Further, in the above embodiment, the pressure control valve 16 for adjusting the amount of air for driving the ejector is stopped after a certain time constant, but the same effect can be obtained even if the pressure control valve 16 is closed after a certain closing time.

[Effects of the Invention] As explained in detail above, according to the present invention, the pressure in the low pressure chamber can be reduced at the time of stoppage without providing a flow path closing means such as a gate valve in the main flow path of the air flow in the exhaust system. It is possible to provide a method for stopping a wind tunnel apparatus that allows the pressure to be restored to near atmospheric pressure.

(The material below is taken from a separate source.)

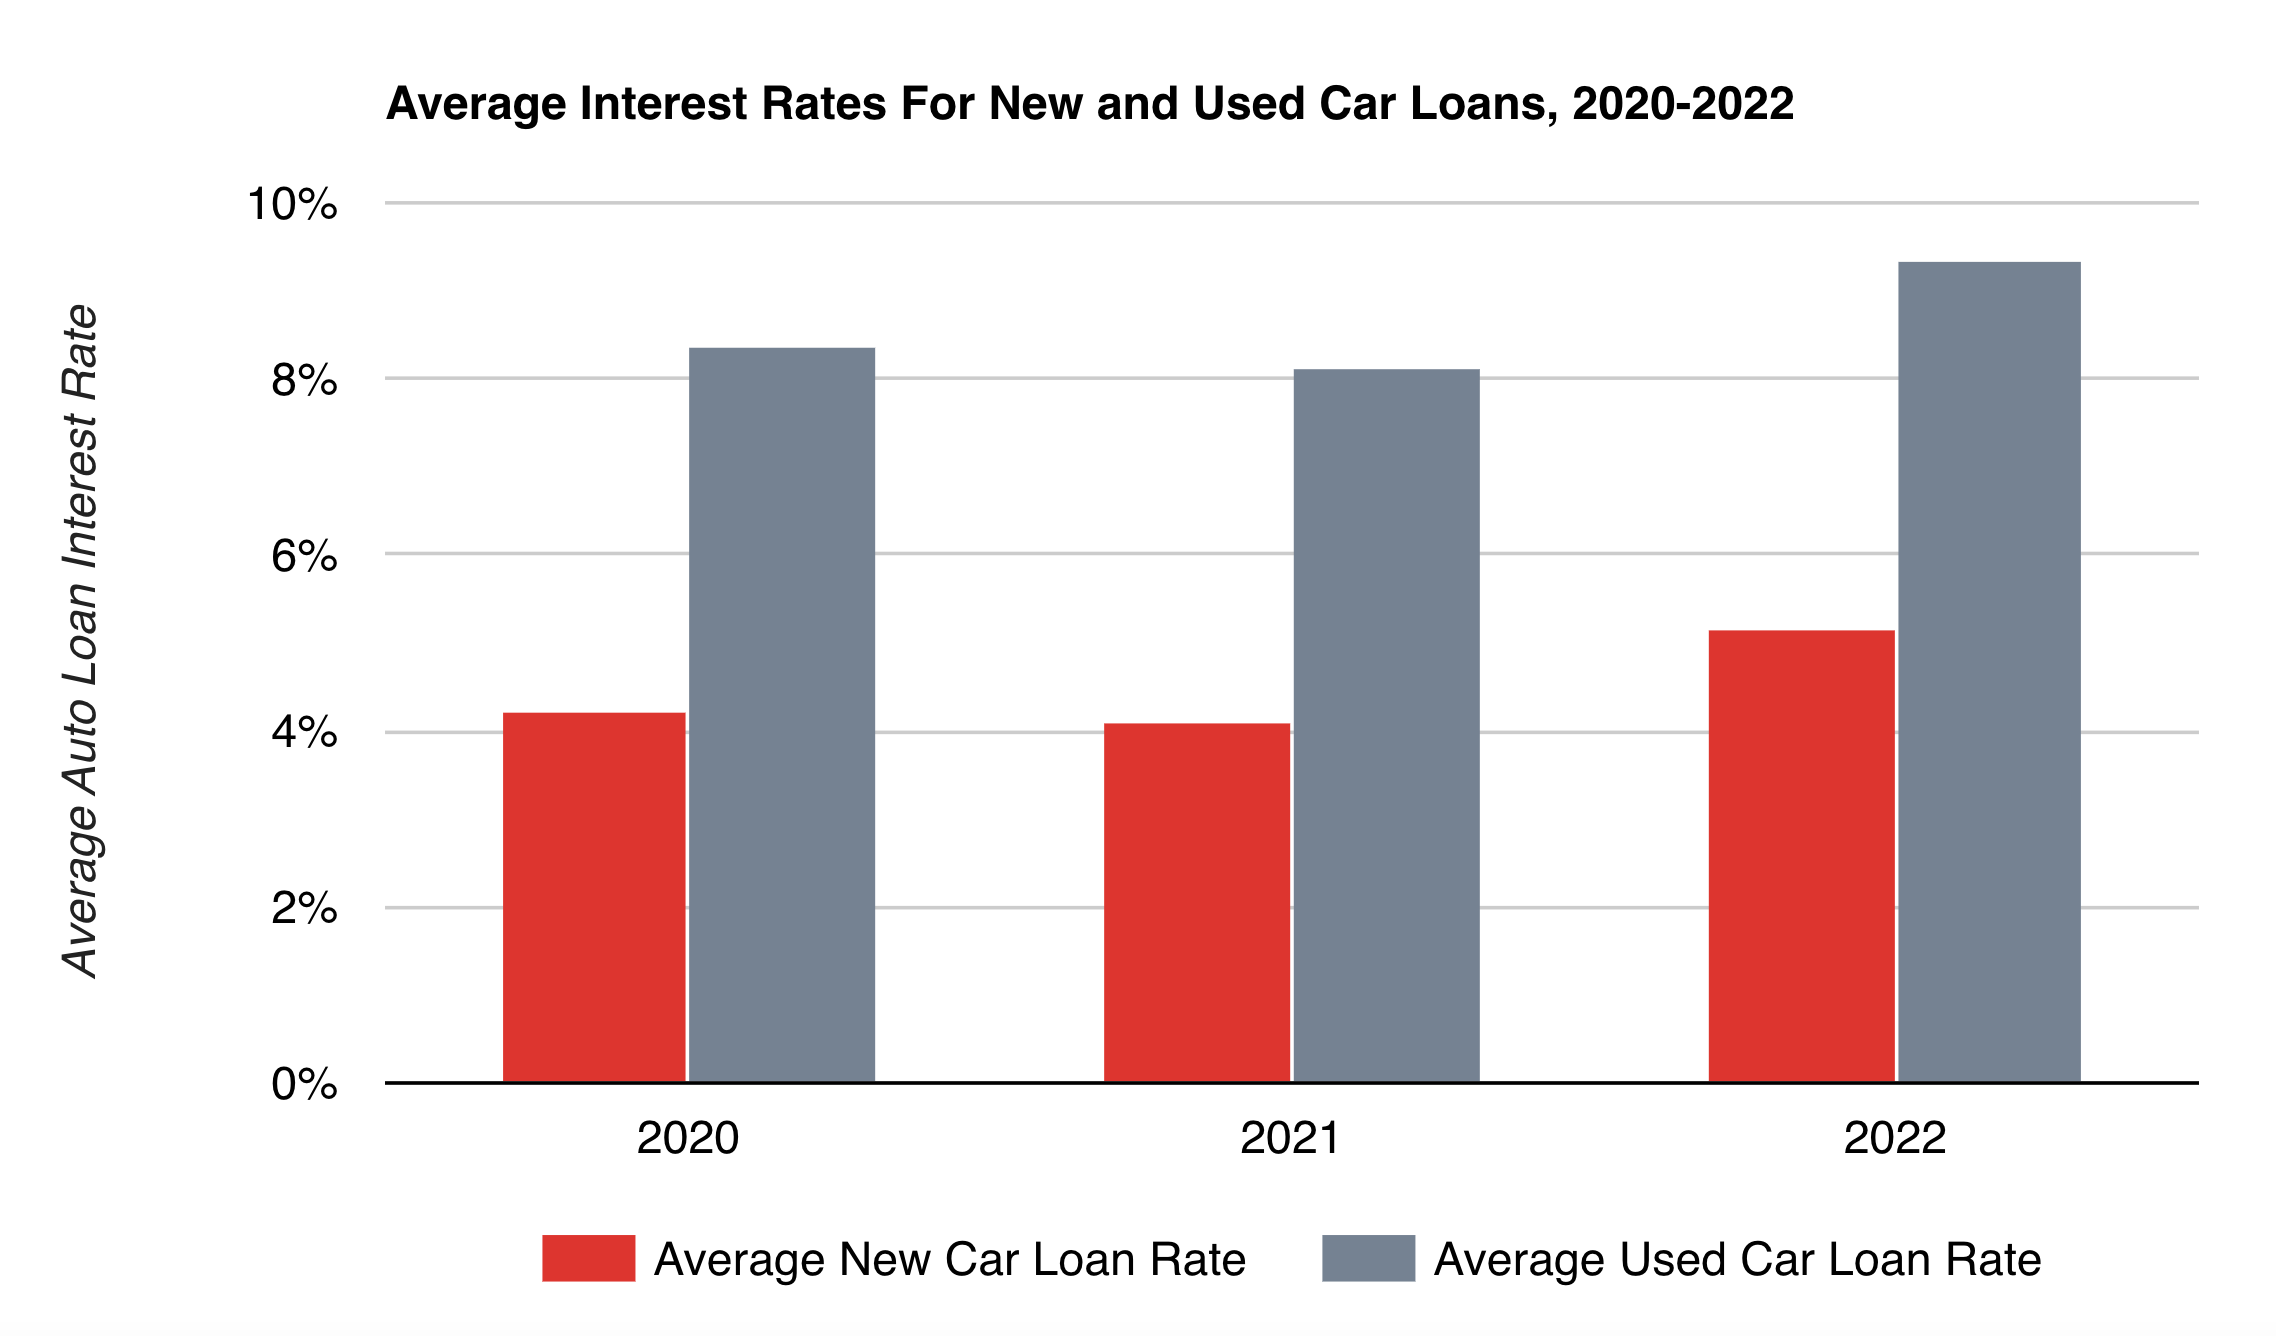 Bar chart of average interest rates for new and used car loans from 2020 to 2022.

Furthermore, according to the present invention, a flow path closing means such as a gate valve can be omitted in the main flow path of the exhaust system, so a method for shutting down a wind tunnel apparatus is low-cost and eliminates the risk of accidents due to malfunction of the gate valve. can be provided.

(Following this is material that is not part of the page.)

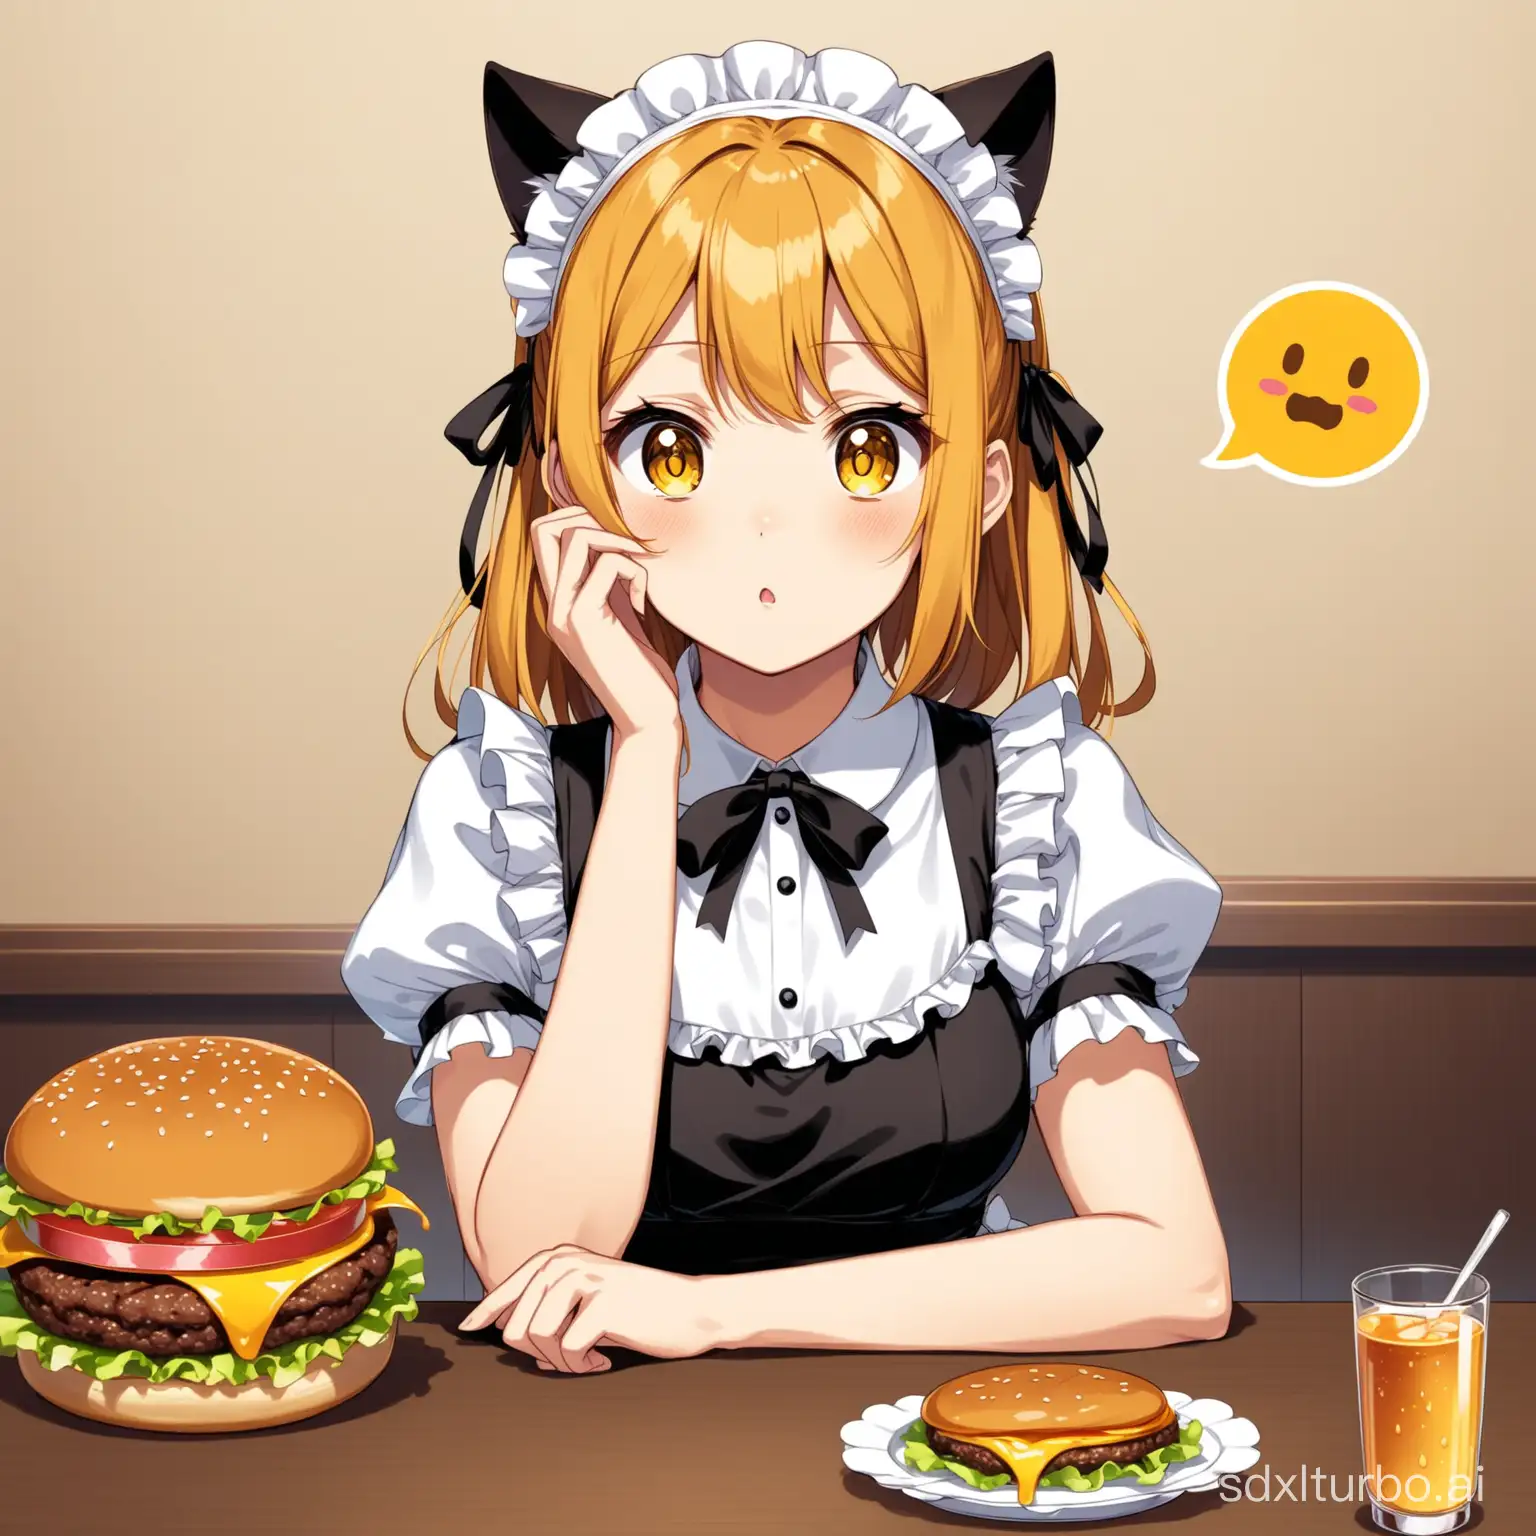 a confused anime girl with cat ears wearing a maid dress with a thinking emoji over her head, looking at a burger on a table

[Brief explanation of the drawing]

1 is a schematic configuration diagram of a hot air tunnel apparatus according to an embodiment of the present invention, FIG. 2 is a piping system diagram of the hot air tunnel apparatus of FIG. 1, and FIG. 3 is a diagram of the hot air tunnel of FIG. 1. FIG. 4 is a diagram showing the relationship between ejector drive air amount and low-pressure chamber pressure, and FIG. FIG. 3 is a diagram showing experimental data. DESCRIPTION OF SYMBOLS 1... Lean burn heater, 2... Nozzle, 6... Low pressure chamber, 4... Downstream exhaust duct, 5... Ejector,
6... Vacuum break vent, 7... Main channel piping, 8...
...High pressure air piping, 9...High pressure oxygen piping, 10...
Air piping, 11...High pressure hydrogen piping, 12.16...
Pressure control valve.

Claims (1)

[Claims] 1. Consisting of a high-pressure gas supply system, a gas heating section, a nozzle, a low-pressure chamber, a fluid jetting means for bringing the pressure in the low-pressure chamber to a certain low-pressure state, and an exhaust system. In the method for stopping a wind tunnel apparatus, a vacuum break valve is provided to allow atmospheric air to flow into the low pressure chamber, and air is introduced from the high pressure gas supply system upstream of the low pressure chamber through the main channel passing through the gas heating section and the nozzle. Further, the fluid ejecting means is stopped with a predetermined time constant, and by interlocking these three elements, the pressure in the low pressure chamber is restored to near atmospheric pressure within a predetermined time. A method of stopping a wind tunnel apparatus characterized by the following.